Pattern matching in OEChem is always done using query molecules or
query graphs. Non-query molecules, i.e. those that are derived
directly from OEMolBase or OEMCMolBase , must be
converted into a query molecule. Conversion into a query molecule is
controlled using the values in the OEExprOpts namespace .
Expression options can either be specified in the constructor for an
OEQMol , or using the convenience constructors in pattern
matching classes (OESubSearch , OEMCSSearch ,
and OECliqueSearch ) which take expression options as as arguments.
Figure 18.9 shows an example where maximum common substructure search is performed using the OEExprOpts_DefaultAtoms and OEExprOpts_DefaultBonds options.
|
The OEExprOpts_DefaultAtoms option means that two atoms are considered to be equivalent i.e. they can be mapped to each other if they have the same atomic number, aromaticity, and formal charge. The OEExprOpts_DefaultBonds option means that two bonds can be mapped to each other if they have the same bond order and aromaticity.
1 #!/usr/bin/env python
2
3 from openeye.oechem import *
4 import os,sys
5
6 pattern = OEGraphMol()
7 target = OEGraphMol()
8 OEParseSmiles(pattern, "c1(cc(nc2c1C(CCC2)Cl)CCl)O")

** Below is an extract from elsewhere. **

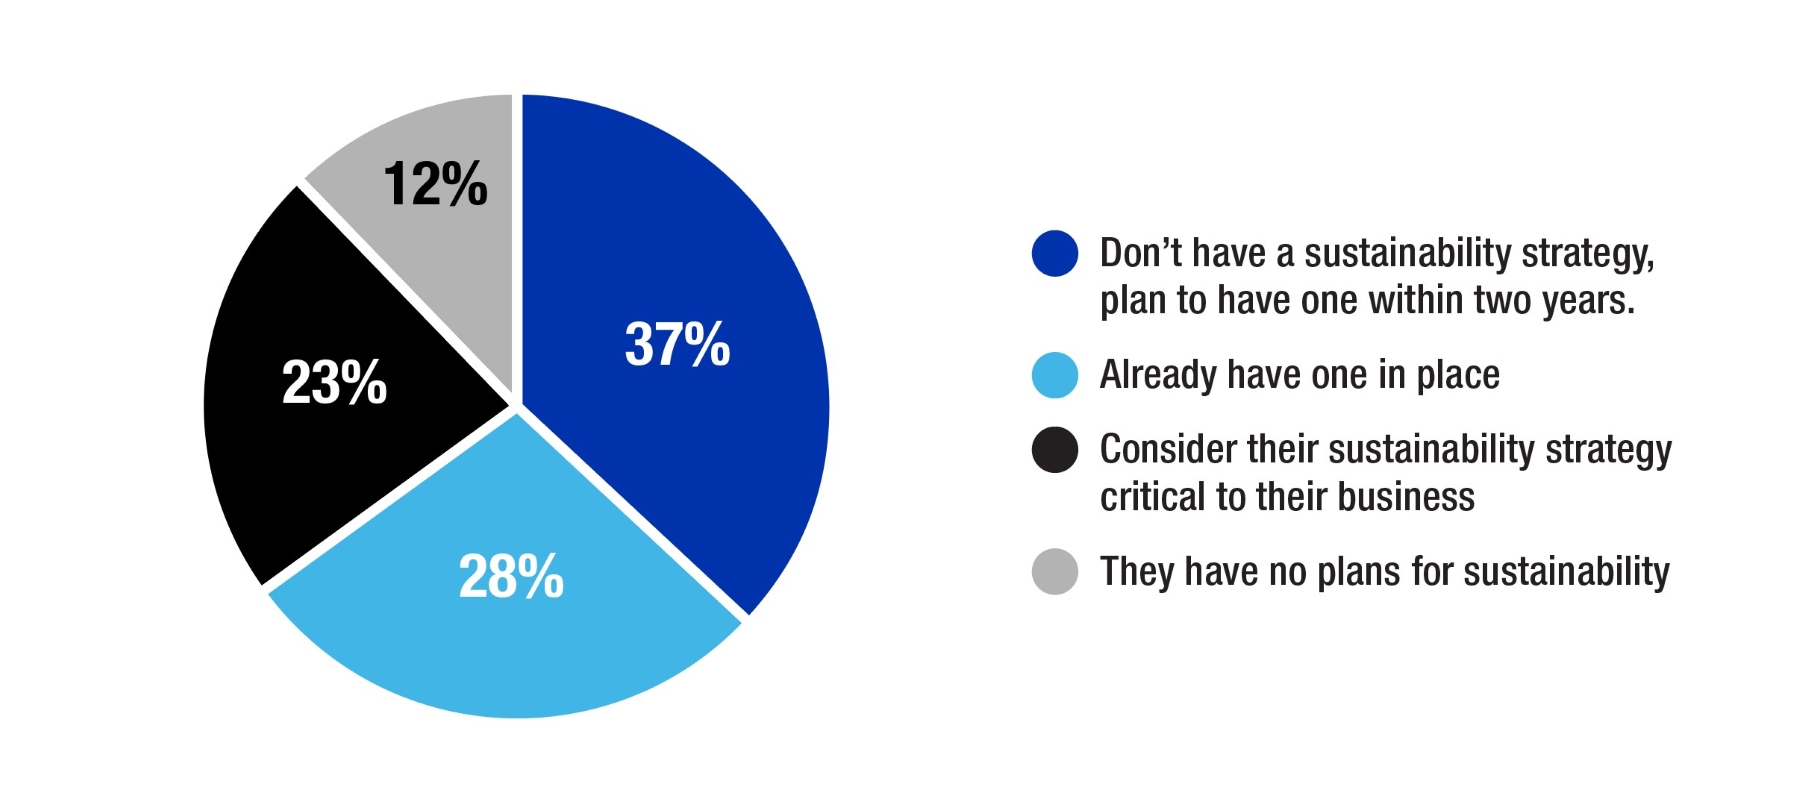 Graco gibi birçok imalat şirketinden katılımcılarla gerçekleştirilen endüstriyel sürdürülebilirlikle ilgili bir anketin sonucu

9 OEParseSmiles(target, "c1(c2c(nc(n1)CF)COC=C2)N")
10
11 atomexpr = OEExprOpts_DefaultAtoms #
12 bondexpr = OEExprOpts_DefaultBonds #
13
14 patternQ = OEQMol(pattern)
15 # generate query with atom and bond expression options
16 patternQ.BuildExpressions(atomexpr,bondexpr) #
17 mcss = OEMCSSearch(patternQ)
18
19 unique = True
20 count = 1
21 # loop over matches
22 for match in mcss.Match(target,unique):
23 sys.stdout.write("\nMatch %d :" % count)
24 sys.stdout.write("\nNumber of matched atoms: %d " % match.NumAtoms())
25 sys.stdout.write("\nNumber of matched bonds: %d " % match.NumBonds())
26 # create match subgraph
27 m = OEGraphMol()
28 OESubsetMol(m,match,True)
29 smi = OECreateCanSmiString(m)
30 sys.stdout.write("\nmatch smiles = %s \n" % smi)
31 count += 1
The best way to understand how various atom and bond expressions influence the
pattern matching is to change the atom (line 11) and
bond expressions (line 12) in Listing
After constructing the pattern molecule, the OEQMolBase.BuildExpressions (line 16) defines the level of atom and bond matching between the pattern molecule and any target molecule.
By modifying the atom and bond expression options, very diverse pattern matching can be performed. Figure 18.10 - Figure 18.14 show several examples where maximum common substructure searches are performed for the same query and target molecules, but with various atom and bond expression options.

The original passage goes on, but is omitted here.